Required action: Below are records. Find each line in them that holds the word "photography" and copy it.
┌─ Entries provided
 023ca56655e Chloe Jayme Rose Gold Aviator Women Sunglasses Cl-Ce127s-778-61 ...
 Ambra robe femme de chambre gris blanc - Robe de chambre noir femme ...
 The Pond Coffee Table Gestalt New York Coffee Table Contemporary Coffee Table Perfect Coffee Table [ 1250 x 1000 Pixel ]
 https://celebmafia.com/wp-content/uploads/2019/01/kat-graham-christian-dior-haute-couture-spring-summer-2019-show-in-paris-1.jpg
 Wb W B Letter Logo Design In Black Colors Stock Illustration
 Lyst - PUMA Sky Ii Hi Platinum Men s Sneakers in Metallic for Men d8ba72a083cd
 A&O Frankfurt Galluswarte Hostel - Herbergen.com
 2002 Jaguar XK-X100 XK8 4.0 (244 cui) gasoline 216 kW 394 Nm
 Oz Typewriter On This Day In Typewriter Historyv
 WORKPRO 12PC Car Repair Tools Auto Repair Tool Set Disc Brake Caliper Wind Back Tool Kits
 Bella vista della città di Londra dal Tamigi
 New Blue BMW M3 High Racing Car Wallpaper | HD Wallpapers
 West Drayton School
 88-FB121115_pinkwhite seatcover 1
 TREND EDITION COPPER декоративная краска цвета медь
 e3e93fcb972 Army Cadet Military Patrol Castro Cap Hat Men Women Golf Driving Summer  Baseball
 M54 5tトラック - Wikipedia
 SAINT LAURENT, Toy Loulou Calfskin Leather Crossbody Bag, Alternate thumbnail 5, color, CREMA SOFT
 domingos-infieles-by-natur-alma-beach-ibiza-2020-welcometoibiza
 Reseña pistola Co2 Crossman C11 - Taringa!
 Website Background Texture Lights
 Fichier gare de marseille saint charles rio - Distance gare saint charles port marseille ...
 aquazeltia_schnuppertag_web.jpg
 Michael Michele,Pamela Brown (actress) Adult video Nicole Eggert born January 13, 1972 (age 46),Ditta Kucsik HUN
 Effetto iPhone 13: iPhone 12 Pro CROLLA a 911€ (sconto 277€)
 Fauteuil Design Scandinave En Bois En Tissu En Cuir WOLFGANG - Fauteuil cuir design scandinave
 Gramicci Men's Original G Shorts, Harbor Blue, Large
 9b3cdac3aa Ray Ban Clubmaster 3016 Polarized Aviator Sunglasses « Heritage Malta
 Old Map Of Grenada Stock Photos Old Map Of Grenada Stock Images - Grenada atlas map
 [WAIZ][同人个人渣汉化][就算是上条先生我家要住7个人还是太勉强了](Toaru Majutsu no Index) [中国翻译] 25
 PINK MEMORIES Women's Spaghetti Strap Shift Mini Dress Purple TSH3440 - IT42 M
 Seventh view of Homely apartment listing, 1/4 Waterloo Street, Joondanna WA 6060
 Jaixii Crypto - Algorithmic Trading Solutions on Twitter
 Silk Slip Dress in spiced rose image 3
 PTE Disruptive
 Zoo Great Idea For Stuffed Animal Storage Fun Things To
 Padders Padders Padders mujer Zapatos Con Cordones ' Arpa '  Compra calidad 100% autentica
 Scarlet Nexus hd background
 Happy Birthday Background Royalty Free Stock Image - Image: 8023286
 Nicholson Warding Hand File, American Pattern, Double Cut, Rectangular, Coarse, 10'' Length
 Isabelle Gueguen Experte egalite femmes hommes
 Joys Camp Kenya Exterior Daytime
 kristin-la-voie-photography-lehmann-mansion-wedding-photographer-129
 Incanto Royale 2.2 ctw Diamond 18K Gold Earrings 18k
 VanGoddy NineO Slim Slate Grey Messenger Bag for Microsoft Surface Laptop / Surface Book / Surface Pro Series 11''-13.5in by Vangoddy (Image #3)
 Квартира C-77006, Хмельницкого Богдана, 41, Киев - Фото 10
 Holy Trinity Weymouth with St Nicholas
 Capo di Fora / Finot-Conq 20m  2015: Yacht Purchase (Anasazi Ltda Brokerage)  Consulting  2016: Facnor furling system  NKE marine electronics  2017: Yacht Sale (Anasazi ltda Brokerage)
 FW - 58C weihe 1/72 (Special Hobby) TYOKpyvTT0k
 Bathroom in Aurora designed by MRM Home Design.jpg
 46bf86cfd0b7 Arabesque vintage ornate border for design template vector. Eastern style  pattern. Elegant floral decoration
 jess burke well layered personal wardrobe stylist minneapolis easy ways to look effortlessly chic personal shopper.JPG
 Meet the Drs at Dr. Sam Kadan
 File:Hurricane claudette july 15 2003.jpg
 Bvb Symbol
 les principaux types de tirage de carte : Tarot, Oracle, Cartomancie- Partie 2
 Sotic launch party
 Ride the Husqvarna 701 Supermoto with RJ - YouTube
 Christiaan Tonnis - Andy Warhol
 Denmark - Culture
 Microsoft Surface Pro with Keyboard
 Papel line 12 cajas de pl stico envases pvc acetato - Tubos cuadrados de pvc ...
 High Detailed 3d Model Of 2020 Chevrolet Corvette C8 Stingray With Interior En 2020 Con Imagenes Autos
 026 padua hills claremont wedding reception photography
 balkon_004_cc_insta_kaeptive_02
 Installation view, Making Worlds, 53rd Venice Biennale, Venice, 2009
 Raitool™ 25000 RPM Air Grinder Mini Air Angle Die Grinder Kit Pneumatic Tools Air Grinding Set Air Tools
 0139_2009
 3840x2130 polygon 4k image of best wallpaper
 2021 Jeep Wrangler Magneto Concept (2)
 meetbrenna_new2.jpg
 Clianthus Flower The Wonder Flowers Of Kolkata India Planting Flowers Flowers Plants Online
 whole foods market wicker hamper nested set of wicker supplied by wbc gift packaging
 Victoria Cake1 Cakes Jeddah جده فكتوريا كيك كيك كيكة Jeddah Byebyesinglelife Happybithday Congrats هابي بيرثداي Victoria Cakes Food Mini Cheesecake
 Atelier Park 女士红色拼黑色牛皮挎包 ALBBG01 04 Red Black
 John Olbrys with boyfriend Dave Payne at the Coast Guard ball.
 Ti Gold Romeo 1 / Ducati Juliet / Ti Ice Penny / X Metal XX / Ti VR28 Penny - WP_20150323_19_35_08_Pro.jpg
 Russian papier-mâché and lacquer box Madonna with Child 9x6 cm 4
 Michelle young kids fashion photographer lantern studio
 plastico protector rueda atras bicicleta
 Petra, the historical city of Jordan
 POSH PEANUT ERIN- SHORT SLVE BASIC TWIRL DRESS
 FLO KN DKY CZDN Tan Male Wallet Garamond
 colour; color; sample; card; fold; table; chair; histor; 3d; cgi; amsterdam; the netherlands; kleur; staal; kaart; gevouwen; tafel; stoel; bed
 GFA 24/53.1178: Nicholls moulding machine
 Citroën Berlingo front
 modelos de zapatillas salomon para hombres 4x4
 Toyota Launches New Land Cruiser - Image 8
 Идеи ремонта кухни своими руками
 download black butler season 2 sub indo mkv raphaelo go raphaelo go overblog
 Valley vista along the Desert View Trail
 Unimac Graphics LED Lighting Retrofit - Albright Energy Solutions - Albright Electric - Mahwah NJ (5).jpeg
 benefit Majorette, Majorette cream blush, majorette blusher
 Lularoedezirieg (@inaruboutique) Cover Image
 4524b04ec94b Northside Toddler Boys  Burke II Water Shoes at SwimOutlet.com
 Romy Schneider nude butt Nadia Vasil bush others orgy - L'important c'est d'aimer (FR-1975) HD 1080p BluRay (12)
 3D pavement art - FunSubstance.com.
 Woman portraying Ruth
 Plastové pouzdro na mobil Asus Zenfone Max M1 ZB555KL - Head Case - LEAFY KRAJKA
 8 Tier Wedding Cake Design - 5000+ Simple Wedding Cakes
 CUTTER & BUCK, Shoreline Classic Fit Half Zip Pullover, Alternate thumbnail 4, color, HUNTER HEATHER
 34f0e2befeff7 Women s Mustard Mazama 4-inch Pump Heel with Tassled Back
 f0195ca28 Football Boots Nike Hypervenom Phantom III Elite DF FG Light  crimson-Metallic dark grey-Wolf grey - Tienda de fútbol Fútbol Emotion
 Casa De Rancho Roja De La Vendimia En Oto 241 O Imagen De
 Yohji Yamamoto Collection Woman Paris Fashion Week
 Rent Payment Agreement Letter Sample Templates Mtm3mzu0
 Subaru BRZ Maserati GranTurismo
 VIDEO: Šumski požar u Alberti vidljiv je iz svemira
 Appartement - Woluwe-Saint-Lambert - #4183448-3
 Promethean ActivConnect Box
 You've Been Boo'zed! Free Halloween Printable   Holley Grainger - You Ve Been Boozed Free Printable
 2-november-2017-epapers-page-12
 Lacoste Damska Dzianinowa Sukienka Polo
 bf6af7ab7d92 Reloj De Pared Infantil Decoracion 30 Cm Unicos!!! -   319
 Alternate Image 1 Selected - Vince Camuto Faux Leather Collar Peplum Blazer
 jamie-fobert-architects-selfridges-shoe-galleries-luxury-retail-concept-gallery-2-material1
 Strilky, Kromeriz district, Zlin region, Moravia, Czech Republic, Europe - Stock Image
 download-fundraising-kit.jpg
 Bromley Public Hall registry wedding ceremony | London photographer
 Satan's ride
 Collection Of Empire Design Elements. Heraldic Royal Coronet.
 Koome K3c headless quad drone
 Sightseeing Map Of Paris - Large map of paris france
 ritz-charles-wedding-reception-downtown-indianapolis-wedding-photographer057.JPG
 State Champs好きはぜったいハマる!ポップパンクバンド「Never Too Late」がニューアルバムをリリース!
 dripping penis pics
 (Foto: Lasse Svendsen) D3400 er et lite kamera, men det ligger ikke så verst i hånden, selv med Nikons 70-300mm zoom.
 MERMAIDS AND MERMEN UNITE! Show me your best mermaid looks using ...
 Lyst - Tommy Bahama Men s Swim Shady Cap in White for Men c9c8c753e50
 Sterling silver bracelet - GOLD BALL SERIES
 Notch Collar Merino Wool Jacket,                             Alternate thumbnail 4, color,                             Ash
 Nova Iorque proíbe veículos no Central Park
└─
Result:
 kristin-la-voie-photography-lehmann-mansion-wedding-photographer-129
 026 padua hills claremont wedding reception photography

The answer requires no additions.